## Materialize Features from the Offline to Online Store

In this example, we demonstrate how customers can use the [Feature Store Spark Connector](https://docs.aws.amazon.com/sagemaker/latest/dg/batch-ingestion-spark-connector-setup.html) to ingest features directly to the offline store, and incrementally materialize the latest features to the online store.

### Create Feature Group

First, create a feature group with online and offline stores configured.

In [None]:
import sagemaker
import boto3

sm_client = boto3.client('sagemaker')
sagemaker_session = sagemaker.session.Session()
role = sagemaker.get_execution_role()
region_name = sagemaker_session.boto_region_name
default_bucket = sagemaker_session.default_bucket()
feature_group_name = 'feature-store-offline-to-online-example'

We highly recommend storing offline features using the Apache Iceberg table format. If you need to use the Glue table format, please update the variable below to `'Glue'`. 

For more information on offline store formats, please refer to the [documentation](https://docs.aws.amazon.com/sagemaker/latest/dg/feature-store-offline.html).

In [None]:
table_format = 'Iceberg' # or 'Glue'

In [None]:
# NOTE: This example only works with the Glue table format.

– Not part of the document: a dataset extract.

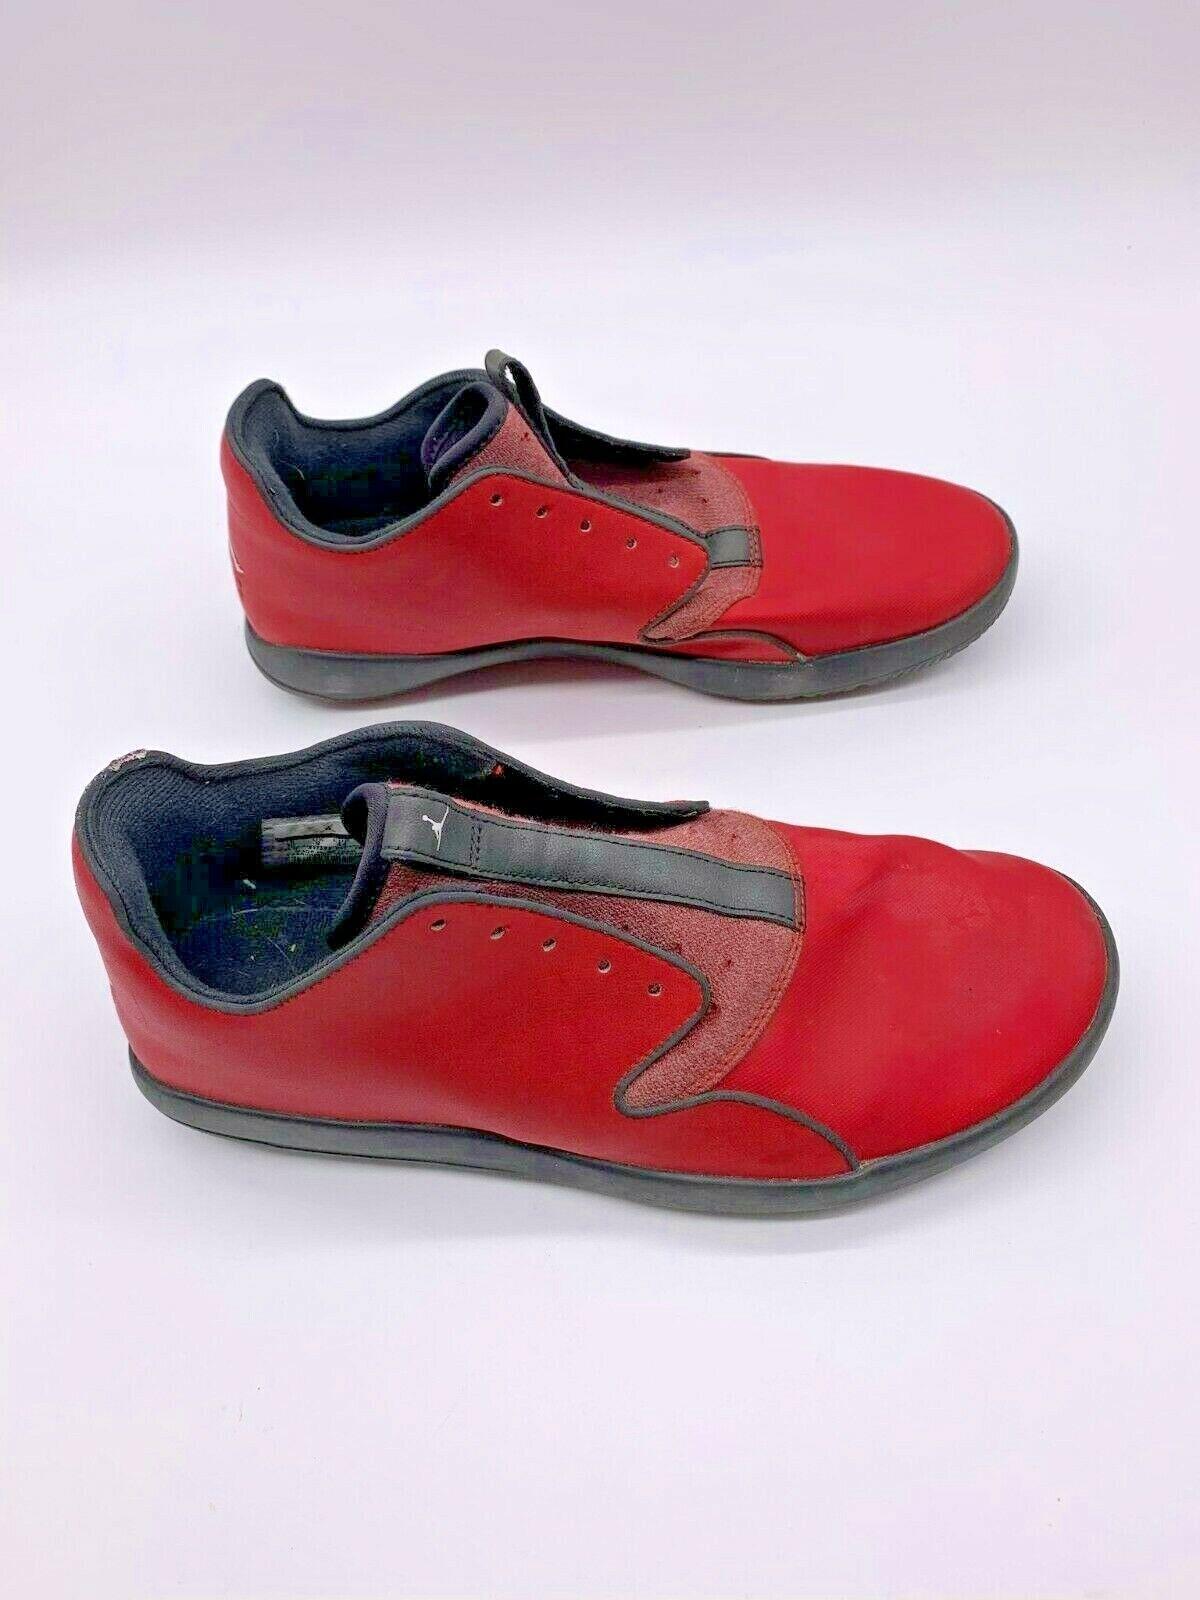 Nike Air Jordan Eclipse Men's sz 10 812303-601 low top red leather NO STRINGS!

create_feature_group_output = sm_client.create_feature_group(
    FeatureGroupName=feature_group_name,
    RecordIdentifierFeatureName='RecordIdentifier',
    EventTimeFeatureName='EventTime',
    OnlineStoreConfig={
        'EnableOnlineStore': True
    },
    OfflineStoreConfig={
        'S3StorageConfig': {
            'S3Uri': f's3://{default_bucket}'
        },
        'TableFormat': table_format
    },
    FeatureDefinitions=[
        {
            'FeatureName': 'RecordIdentifier',
            'FeatureType': 'Integral'
        },
        {
            'FeatureName': 'Measure',
            'FeatureType': 'Fractional'
        },
        {
            'FeatureName': 'EventTime',
            'FeatureType': 'String'
        }
    ],
    RoleArn=role
)

### Ingest Data to the Offline Store

We will create a [SageMaker Processing Job](https://docs.aws.amazon.com/sagemaker/latest/dg/processing-job.html) which uses the Feature Store Spark Connector to ingests a set of features directly into the offline store.

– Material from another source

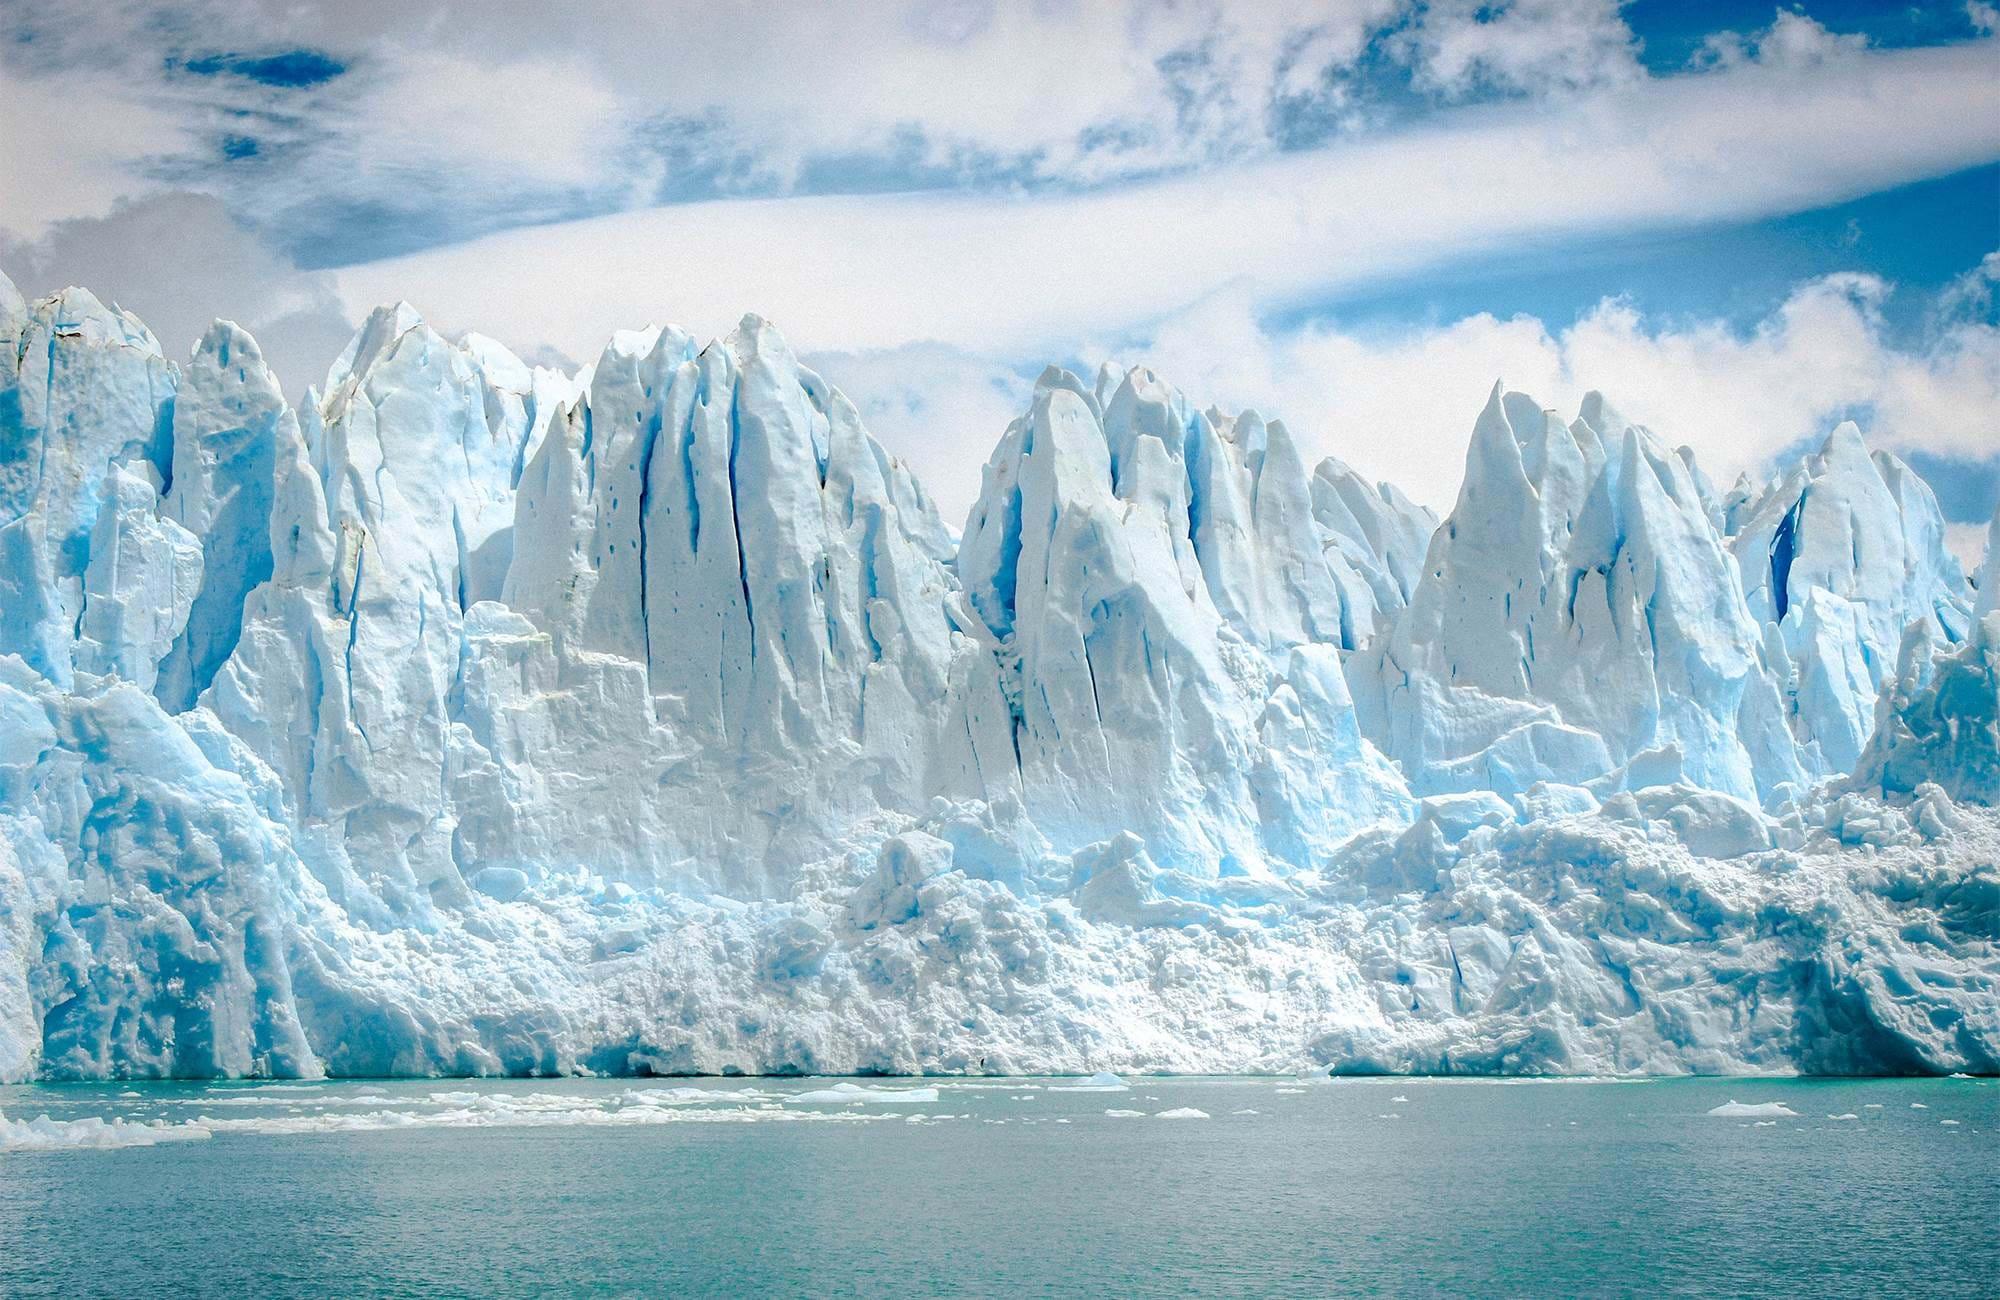 antarctic-glaciers

To use the Feature Store Spark Connector in a Processing Job, we recommend extending the prebuilt SageMaker Spark Processing container as shown in the [documentation](https://docs.aws.amazon.com/sagemaker/latest/dg/batch-ingestion-spark-connector-setup.html#:~:text=Installation%20on%20a%20Amazon%20SageMaker%20Processing%20Job
). For this example, we have included the Python interface to the Spark Connector under `feature_store_pyspark`. We will download the JAR file which encapsulates the Spark Connector functionality and submit all of these assets when run the processing job.

In [None]:
spark_version = '3.1'

To download the correct JAR, we will use `pip` to install the specific connector library based on the Spark version (`MAJOR.MINOR`) we want to use.

In [None]:
%pip install sagemaker-feature-store-pyspark-{spark_version}

We can then use the command line tool to fetch the location of the JAR.

In [None]:
jar_path = !feature-store-pyspark-dependency-jars
jar_path = jar_path[0]
jar_path

Run a processing job using `scripts/ingest_offline.py` and include the necessary Python modules and JAR.

In [None]:
from sagemaker.spark.processing import PySparkProcessor

spark_processor = PySparkProcessor(
    role=role,
    instance_count=1,
    instance_type='ml.m5.large',
    max_runtime_in_seconds=1200,
    framework_version=spark_version,
)

spark_processor.run(
    submit_app='./scripts/ingest_offline.py',
    arguments=[
        '--feature_group_name',
        feature_group_name,
        '--region_name',
        region_name
    ],
    logs=False,
    submit_jars=[jar_path],
    submit_py_files=[
        './feature_store_pyspark/feature_store_manager.py',
        './feature_store_pyspark/wrapper.py'
    ]
)

### Materialize Latest Features to Online Store

Now that our features are ingested to offline store, we can materialize the latest features (for each record identifier) to the online store. To do this, we we will run another Spark Processing Job using `scripts/materialize.py`. Since the task may need to run on a regular cadence, we can add the processing job to a SageMaker Pipeline. This pipeline can then be scheduled with [Amazon EventBridge](https://docs.aws.amazon.com/sagemaker/latest/dg/pipeline-eventbridge.html).

In [None]:
from sagemaker.workflow.pipeline_context import PipelineSession
from sagemaker.workflow.pipeline import Pipeline
from sagemaker.workflow.steps import ProcessingStep

pipeline_name = feature_group_name
pipeline_session = PipelineSession()

spark_processor = PySparkProcessor(
    role=role,
    instance_count=1,
    instance_type='ml.m5.large',
    max_runtime_in_seconds=1200,
    sagemaker_session=pipeline_session,
    framework_version=spark_version
)

processor_args = spark_processor.run(
    submit_app='./scripts/materialize.py',
    logs=False,
    arguments = [
        '--table_format',
        table_format,
        '--feature_group_name',
        feature_group_name,
        '--region_name',
        region_name
    ],
    submit_jars=[
        jar_path
    ],
    submit_py_files=[
        './feature_store_pyspark/feature_store_manager.py',
        './feature_store_pyspark/wrapper.py'
    ]
)

step_process = ProcessingStep(name='MaterializeToOnlineStore', step_args=processor_args)

pipeline = Pipeline(
    name=pipeline_name,
    steps=[step_process],
)

pipeline.upsert(role_arn=role)


Manually run the pipeline.

In [None]:
execution = pipeline.start()
execution.wait()

Verify that the latest features are available in the online store.

In [None]:
fs_client = boto3.client('sagemaker-featurestore-runtime')
fs_client.batch_get_record(
    Identifiers=[
        {
            'FeatureGroupName': feature_group_name,
            'RecordIdentifiersValueAsString': ['1', '2', '3']
        }
    ]
)